Evil Queen -- Charlize Theron is no stranger to playing a damsel of death, having won a Best Actress Oscar for starring as serial killer Aileen Wuornos in "Monster." Here, Queen Ravenna's heart is evil and her appearance is perpetually youthful, as long as she sucks the life out of beautiful maidens.

Prince -- Sam Claflin is William, technically a duke and a childhood friend of Snow White who is given a chance to redeem himself, after being unable to save her years earlier.

Huntsman -- Chris Hemsworth, Thor in "Thor" and "The Avengers," trades his mighty hammer for an ax and his blond locks for brown hair to play the Huntsman, a widower who drowns his sorrows in drink.

Mirror -- Christopher Obi speaks for the Mirror Man, who appears as a hooded golden figure, not quite liquid, not quite solid, who seems to roll off the mirror.

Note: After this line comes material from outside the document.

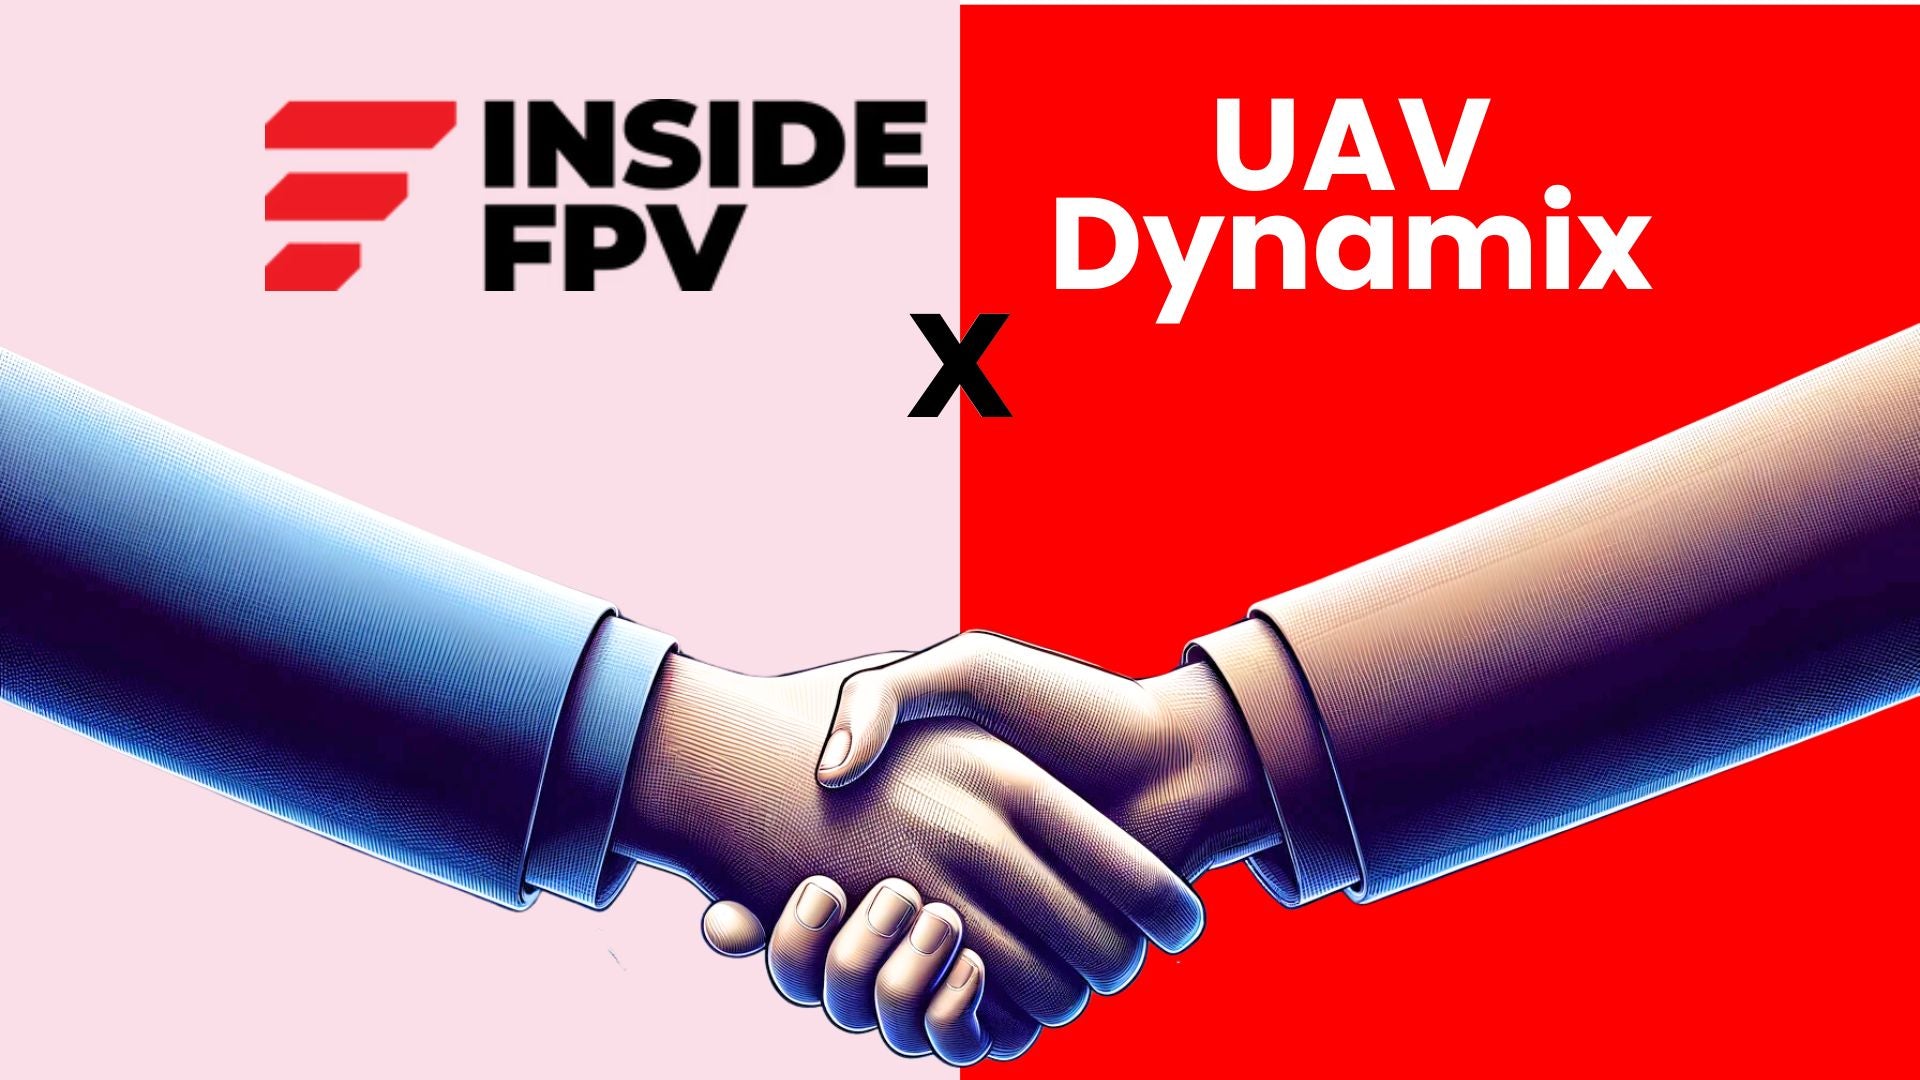 InsideFPV x UAV Dynamix: MoU Signed

Inspired by a pair of sculptures called "Face-Off" by artist Kevin Francis Gray, the Mirror Man may be visible only to Ravenna.

Frights -- The Queen's big regret about Snow White: "I should have killed her when she was a child." She's beautiful on the outside, ugly and rotted on the inside. The usual scares are supplemented with new ones, as someone is impaled on a spiky tree stump, women are treated like a youth serum to be drained and discarded, and fights come in big battles and hand-to-hand combat.

Audience reaction -- We'll know soon.